From d83857e8f430e0458eff13b3eb824a303b502bbc Mon Sep 17 00:00:00 2001
From: Dillon Laird <dillonalaird@gmail.com>
Date: Thu, 29 Aug 2024 09:47:26 -0700
Subject: [PATCH 25/37] fixed bug with upload file

---
 vision_agent/utils/execute.py | 2 +-
 1 file changed, 1 insertion(+), 1 deletion(-)

diff --git a/vision_agent/utils/execute.py b/vision_agent/utils/execute.py
index 05b03612..b2da6f11 100644
--- a/vision_agent/utils/execute.py
+++ b/vision_agent/utils/execute.py
@@ -528,7 +528,7 @@ def upload_file(self, file: Union[str, Path]) -> Path:
         with open(file, "rb") as f:
             self.interpreter.files.write(path=str(self.remote_path / file_name), data=f)
         _LOGGER.info(f"File ({file}) is uploaded to: {str(self.remote_path)}")
-        return self.remote_path
+        return self.remote_path / file_name
 
     def download_file(
         self, remote_file_path: Union[str, Path], local_file_path: Union[str, Path]

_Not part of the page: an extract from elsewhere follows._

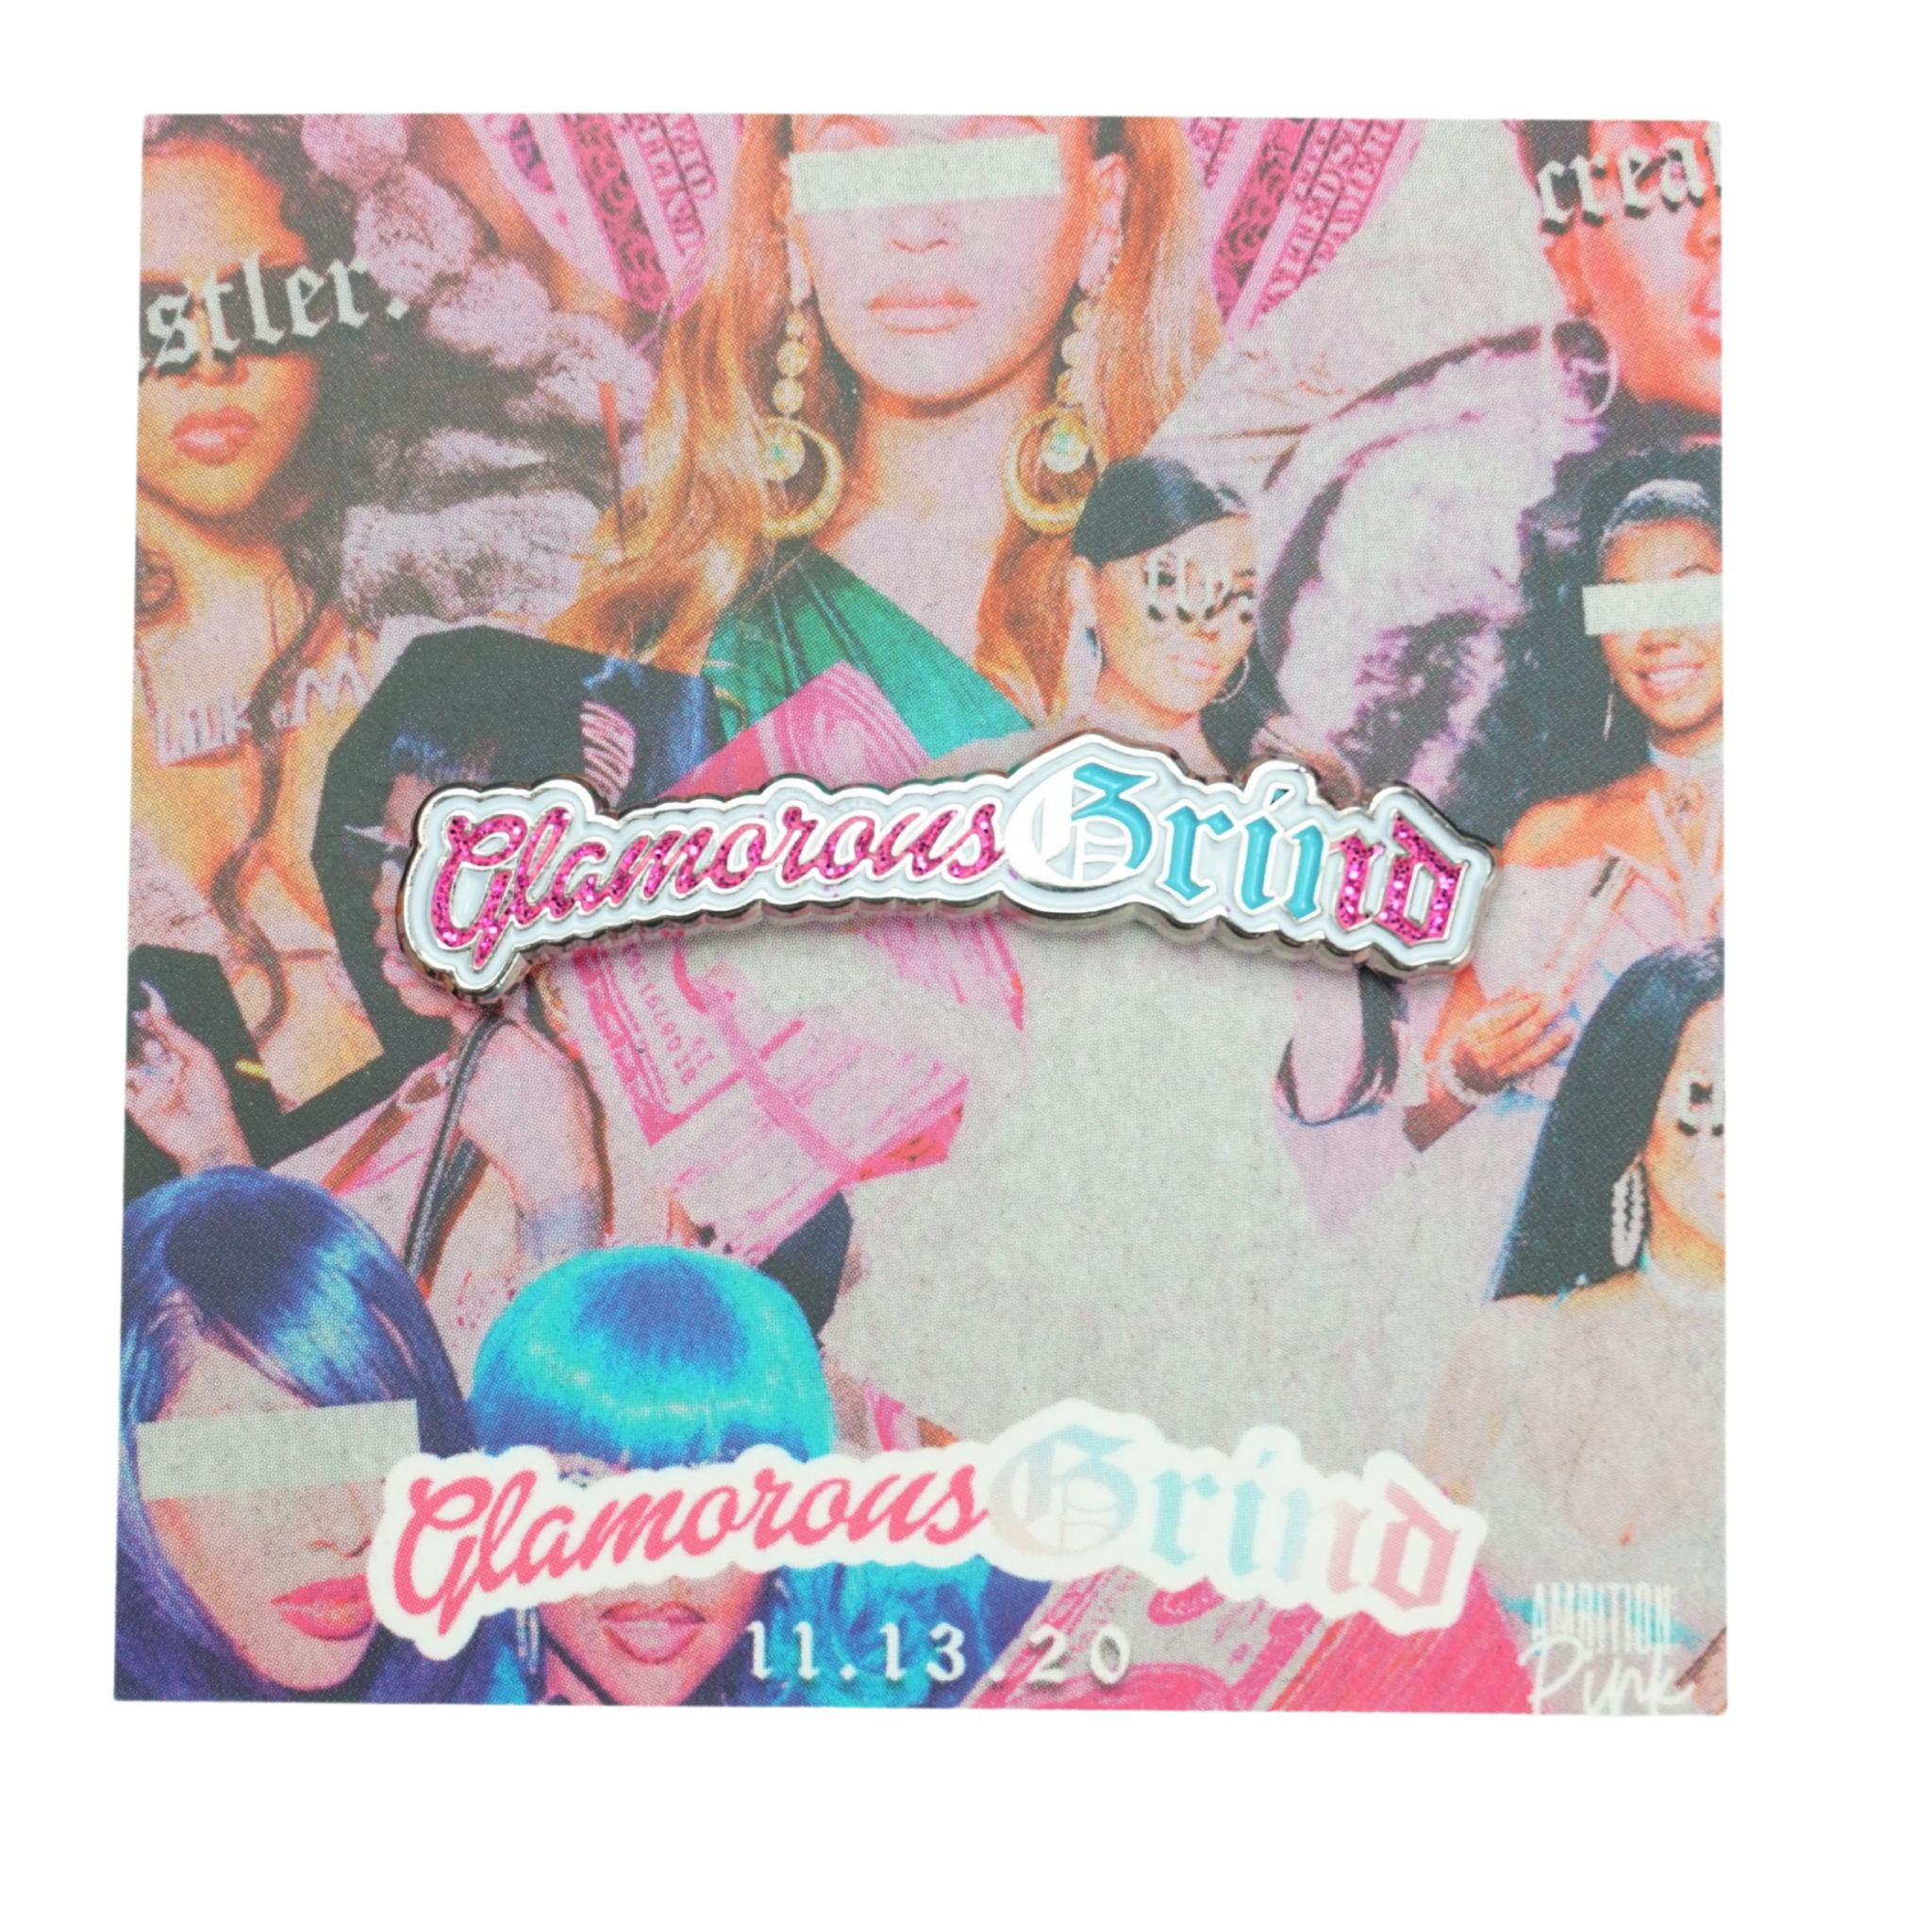 2.5" silver plated enamel pin words read Glamorous Grind. "Glamorous" text in soft hot pink glitter & "Grind" text in multi colors blue and pink

From 51503b90febc9d6d85b277b2cd2d757d6f30210f Mon Sep 17 00:00:00 2001
From: Dillon Laird <dillonalaird@gmail.com>
Date: Thu, 29 Aug 2024 10:15:32 -0700
Subject: [PATCH 26/37] added ability to write media files to artifacts

---
 vision_agent/agent/vision_agent.py | 17 +++++-----
 vision_agent/tools/meta_tools.py   | 53 +++++++++++++++++++-----------
 2 files changed, 43 insertions(+), 27 deletions(-)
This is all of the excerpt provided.